Venous thoracic outlet syndrome. Anticoagulation is started once venous thoracic outlet syndrome is suspected. Anticoagulation alone results in poor outcomes, with symptoms persisting in over 90% of patients (14). Pulmonary embolism also occurs in up to 15% of patients on anticoagulation alone. When thrombosis of the subclavian-axillary vein is detected, emergent intravascular thrombolysis within the first 10 to 14 days is optimal for recanalization, followed by long-term anticoagulation. Thrombosis also recurs in up to a third of patients if an underlying structural problem is not corrected. Transaxillary first fib resection is the most common method of decompression (09). Prognosis depends on prompt recognition and the severity of vascular damage.

Traumatic neurovascular thoracic outlet syndrome.
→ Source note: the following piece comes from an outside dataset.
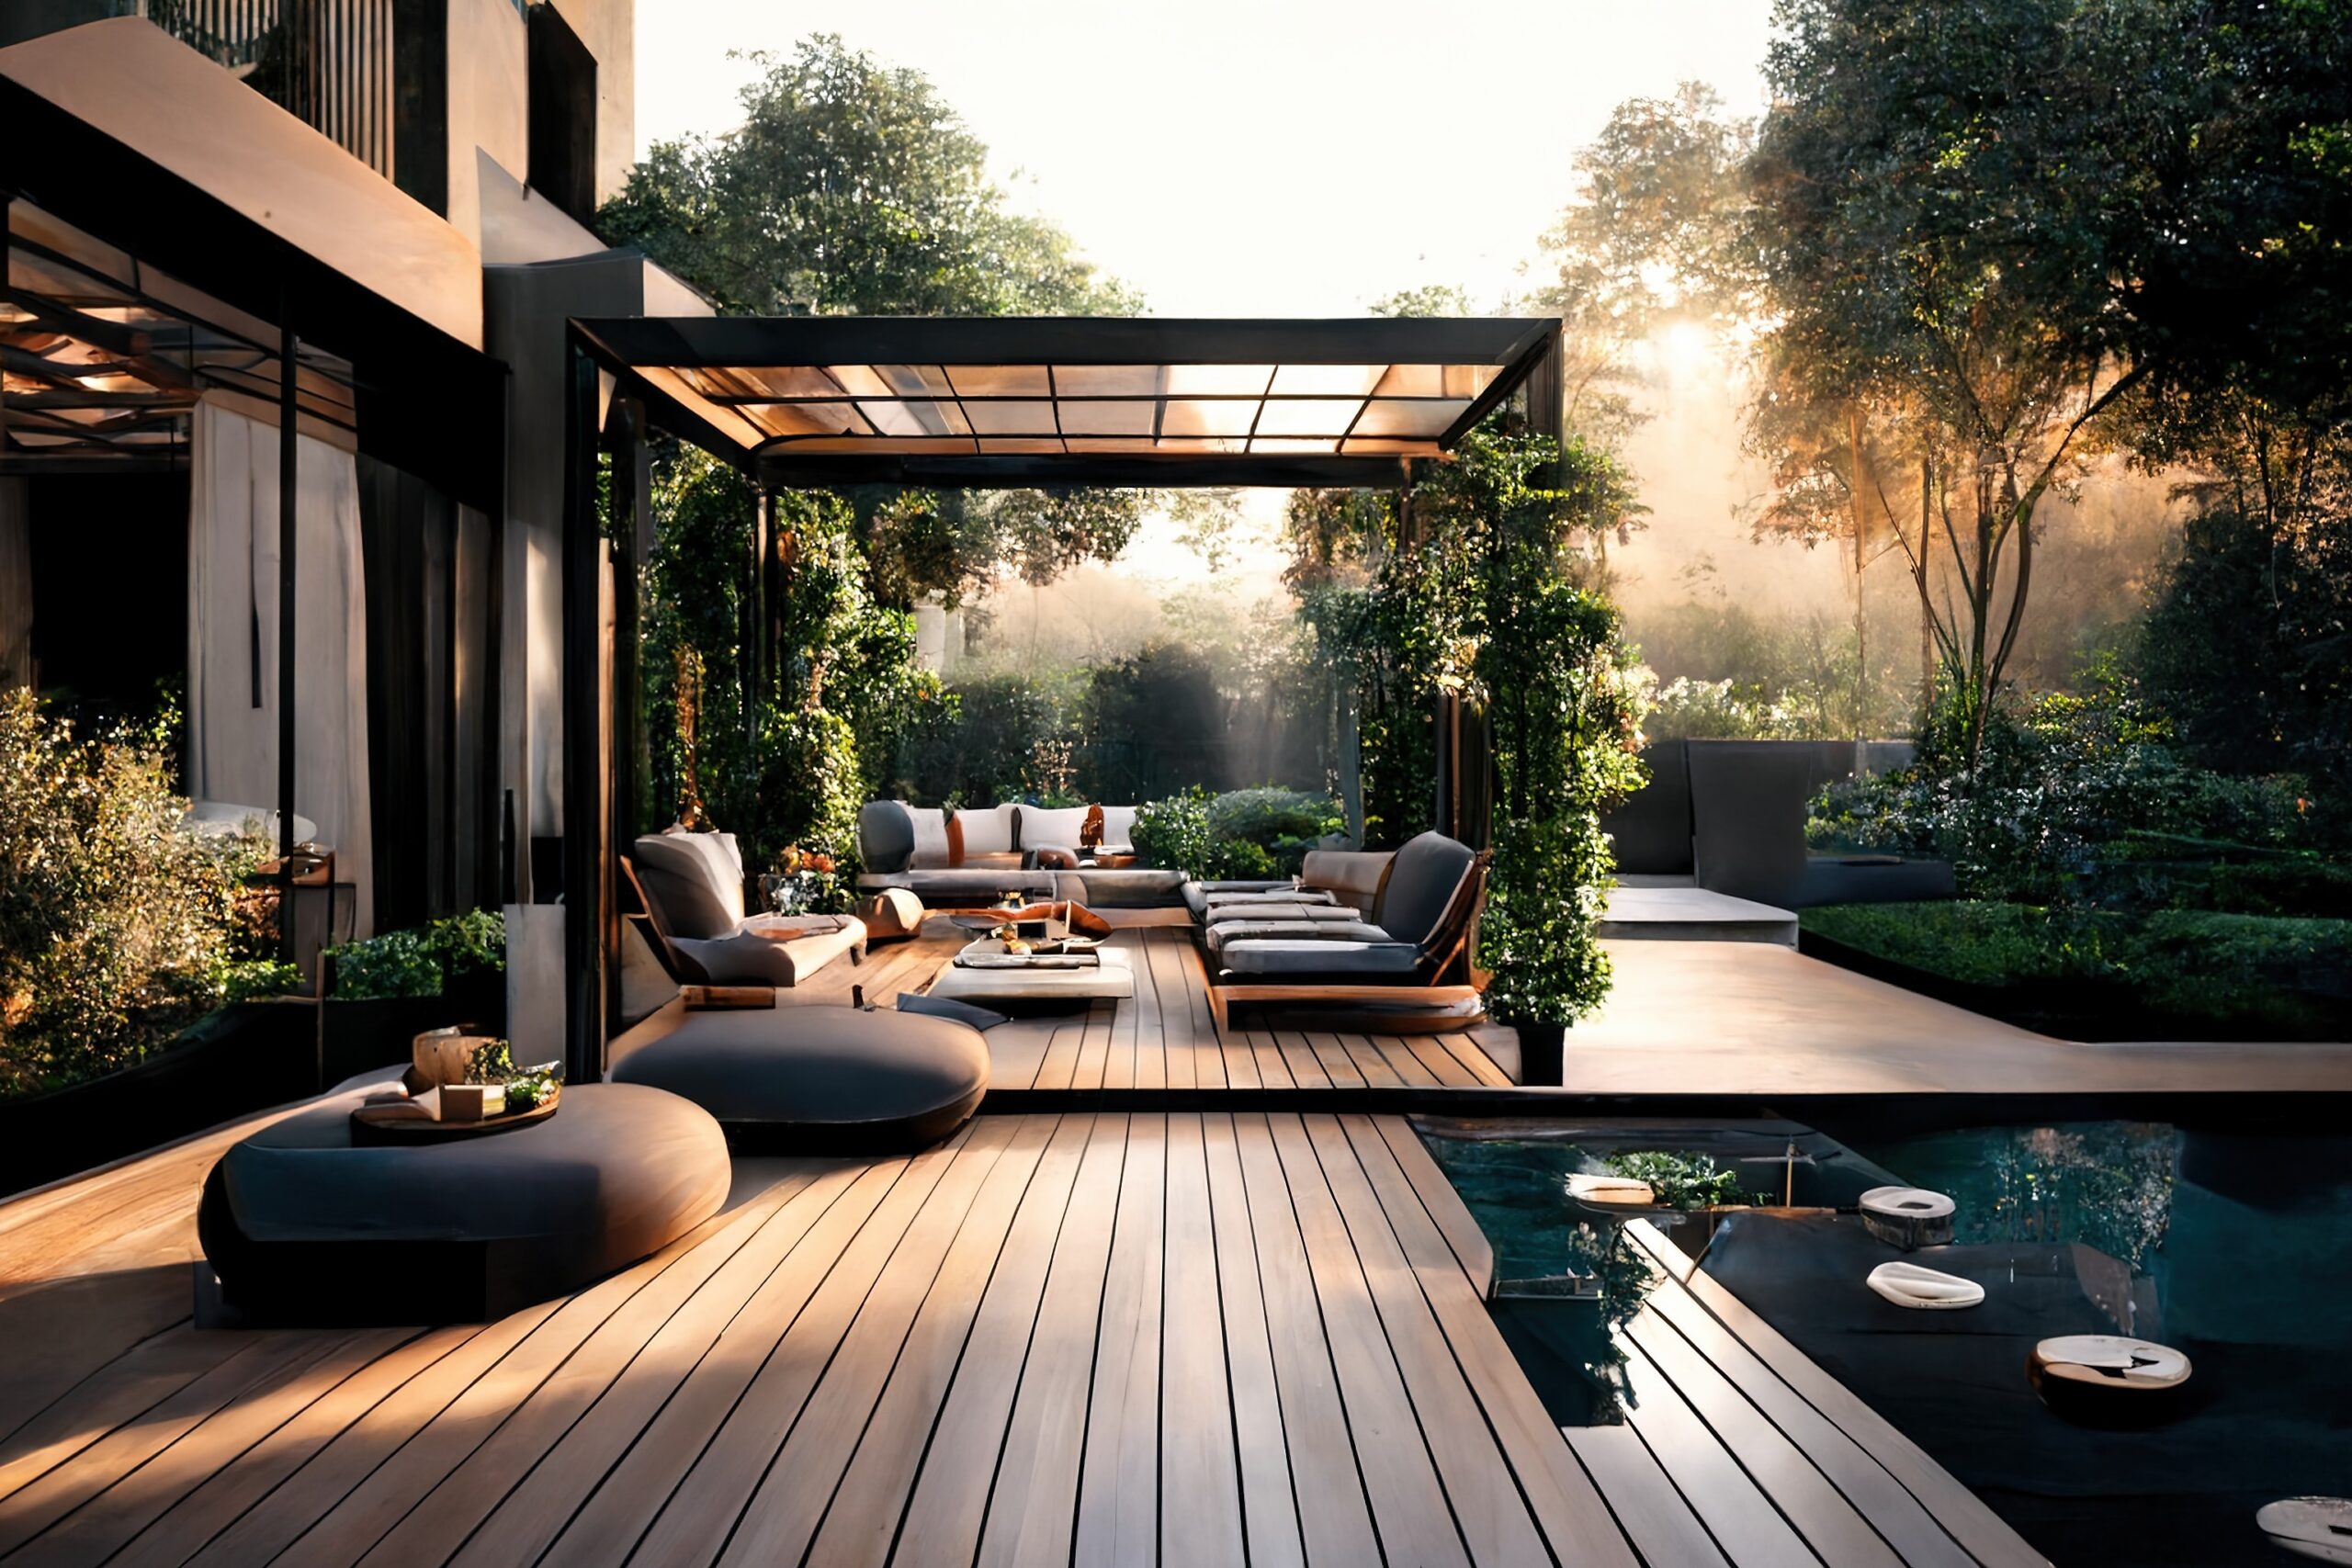 Luxury Living Outdoor Space Interior design of a lavish side out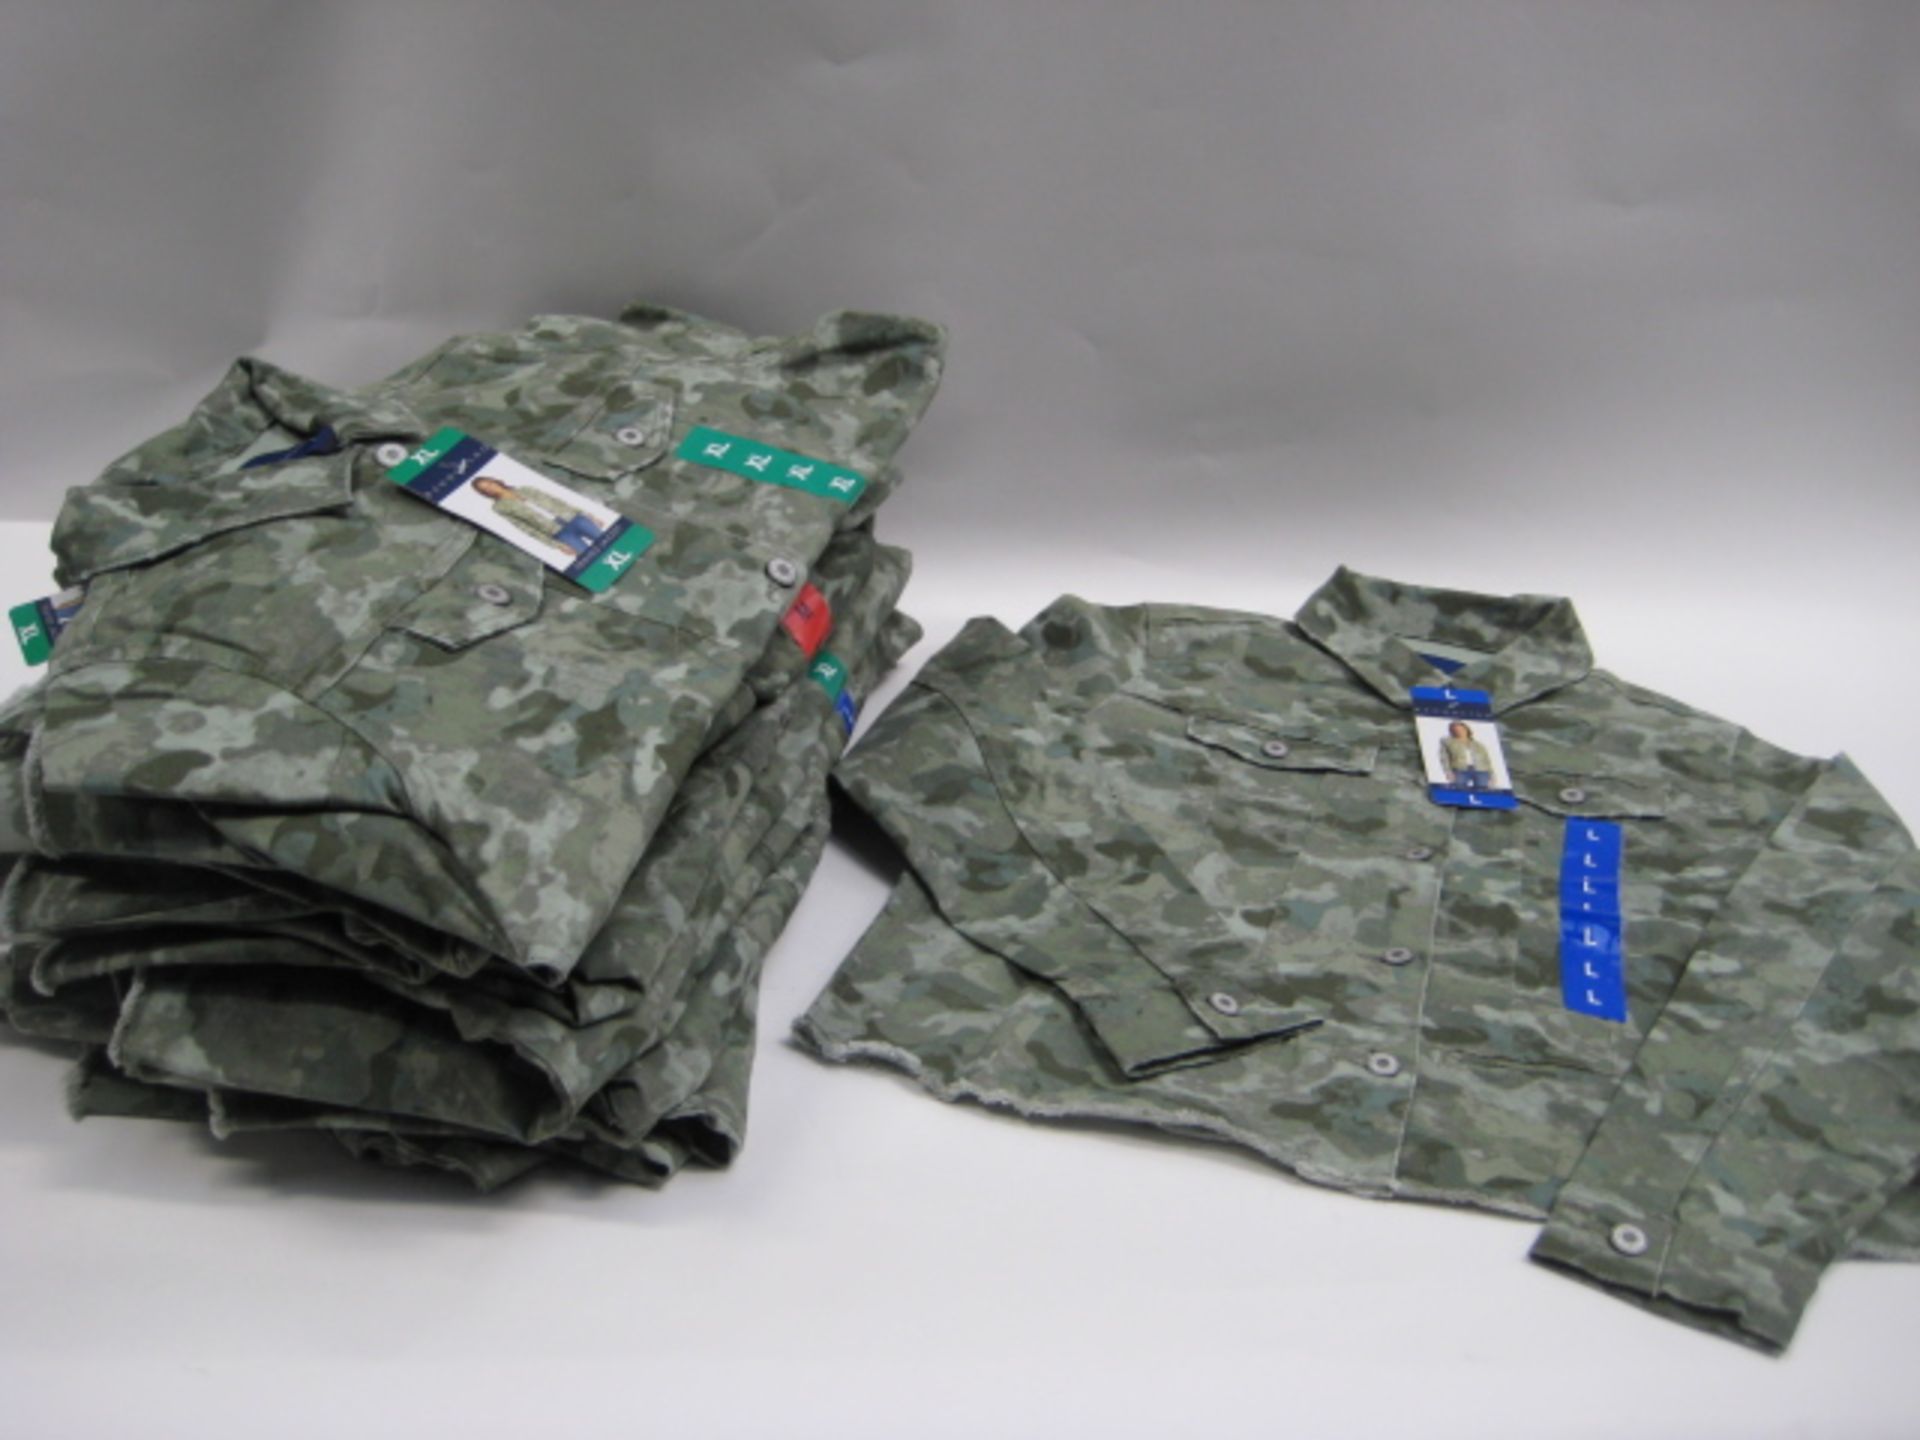 Bag containing 16 Bandolino frayed ladies jackets in camouflage, sizes ranging from M to XL

Treatment of traumatic neurovascular thoracic outlet syndrome often requires surgery to repair the underlying vasculature including pseudoaneurysms or blood vessel tears with hematoma formation (33; 34). Internal fixation of the clavicle may be necessary. Injury to neural structures may require conservative management for incomplete/partial lesions and surgery for neural disruption. Prognosis will depend on severity of axon loss and vascular damage.